Nous sommes passés de l'autodétermination, de la consolidation de l'identité et de la communauté, refusant l'assimilationnisme libéral bourgeois à la victimisation noire et à l'intégrationnisme deregulé. Quand on parle du mouvement Black Lives Matter, il faut cependant souligner et préciser qu'à la base, il s'agissait d'un concept interne de la communauté noire consistant à se soutenir mutuellement. Dans ce cas, c'était logique. Mais en ces derniers temps, Black Lives Matter est devenu un hashtag récupéré par les forces mondialistes, sorosiennes et libérales-progressistes qui s'en fichent du sort des Noirs. La seule direction que ces forces veulent entreprendre est celle d'utiliser certaines catégories comme réservoirs électoraux. Le néolibéralisme dans le domaine societal a donc manipulé de réelles souffrances dans la société américaine et in extenso occidentale (injustices sociales, inégalités, négrophobie systémique, brutalités policières...), pour désorienter une révolte vers un agenda qui aurait dû renverser le régime du Trump qui derengeait les forces mondialistes. Là aussi, il faut souligner que Trump en tant que personnalité politique n'est en aucun cas l'ami des Africains. Mais puisque la géopolitique est aussi une question de géostratégie, Trump représentait le mal nécessaire (en ce qui concerne les Africains et les afro-descendants). Pour la finance internationale néolibérale apatride, il a fallu déstabiliser Trump avec des soulèvements pilotés comme ce fut le cas lors du printemps arabe, qui aurait dû par conséquent détourner les voix en faveur de Biden.

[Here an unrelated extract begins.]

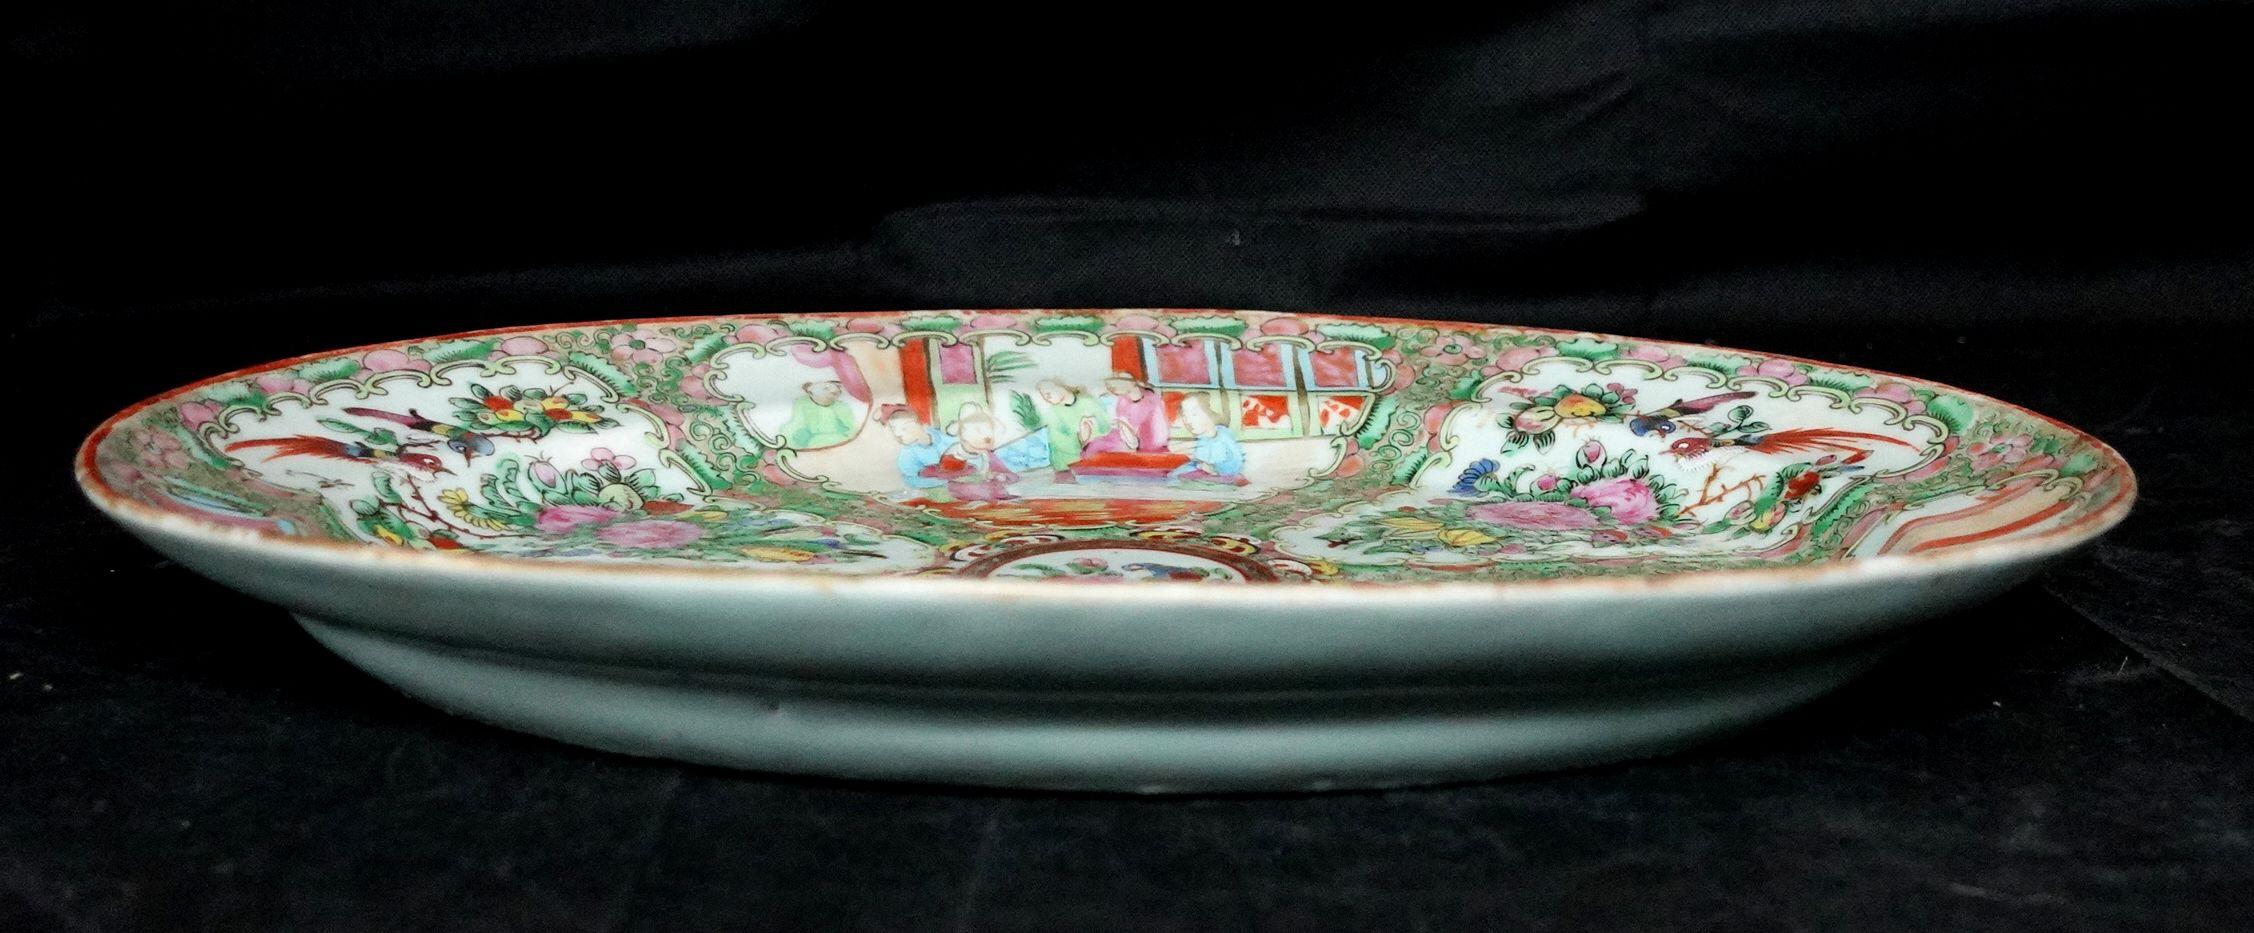 Medium Size Chinese Rose Medallion Porcelain Plater, Ric 058 7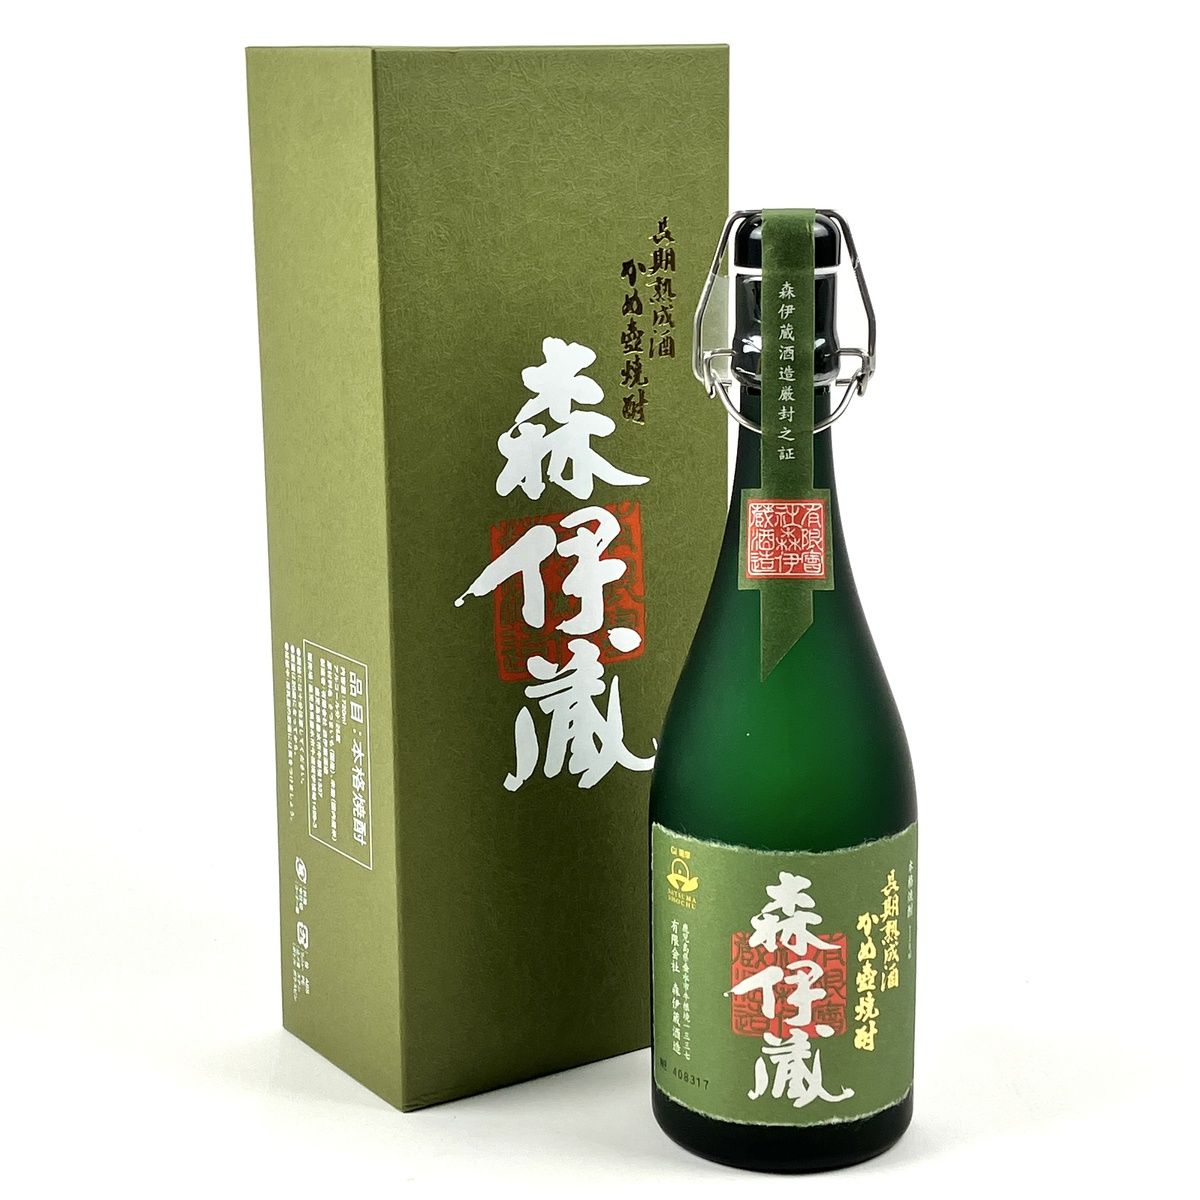 豪奢な 森伊蔵 古酒 ytvjoaf-makk 焼酎 - karsil.com.pe

En analysant cette situation, nous pouvons affirmer que l'antiracisme moderne est une arme créée par nos ennemis (l'oligarchie financière apatride), par les mêmes qui sont à la base du racisme existant et de l'humanité hierarchisée dans son ensemble. Leur objectif a toujours été de détourner la colère des Peuples, en utilisant les Noirs les plus fragiles (afro-mondialistes, progressistes noirs libéraux, afro-politains) et les Blancs les plus extrémistes (la droite alternative réactionnaire et limitée), pour empêcher le plus pauvre, noir et blanc, de se soulever contre les agents du Capital, et de placer au centre du débat, les problèmes sociaux et géopolitiques, qui sont la base et l'essence du racisme. On ne peut pas se dire antiraciste, sans être anticapitaliste ou antilibéral, car comme le disait Stockely Carmichael : "Le racisme n'est pas une question d'attitude, mais de pouvoir.''

Au sujet de la lutte antiraciste, Kemi Seba (président-fondateur de l'ONG Urgences Panafricanistes que je coordonne en Italie), l'une des figures de proue de la résistance anticolonialiste en Afrique au XXIe siècle, déclare dans une interview : 'Nous on s' est jamais opposé à la lutte de notre peuple aux Etats-Unis, nous sommes aux côtés de notre peuple qui lutte contre les discriminations raciales, contre les violences policières, nous serons solidaires ad vitam aeternam avec ce combat, ce à quoi nous nous opposons, c'est l'instrumentalisation des forces mondialistes de la souffrance de notre peuple aux fins d'un projet blanc intégrationniste et progressiste et cela ne nous intéresse pas. Nous ne voulons pas progresser sur la voie de l'Occident, nous voulons notre autodétermination et nous voulons que chaque peuple puisse prendre son destin en main.'' (Source : https://www.laluce.news/2020/06/25/intervista-a-kemi-seba-black-lives-matter-moda-delle-elite-globaliste/)

Pour la communauté afro-diasporique, il existe deux alternatives vitales comme salut :

1. Le retour en Afrique sur le modèle garveyiste, pour lutter pour la souveraineté africaine et la décolonisation complète face aux forces exogènes (l'impérialisme) et aux forces endogènes (la mal-gouvernance de la classe dirigeante africaine) ;

2. La construction d'une communauté diasporique africaine forte et solidaire en Occident, sur le modèle chinois, pakistanais, indien etc. Le salut ne se trouve pas en pensant de s'assimiler à un système putréfié dans un endroit, ce meme systeme que l'on tente d'éradiquer définitivement en Afrique  (mais aussi dans tous les territoires du monde qui résistent à l'occidentalisme néolibéral pour un monde multipolaire).
Le racisme est une question de rapport de force. S'enraciner dans son propre paradigme de civilisation, contester et combattre à la fois ceux qui alimentent ce racisme, est le seul moyen de le contrer.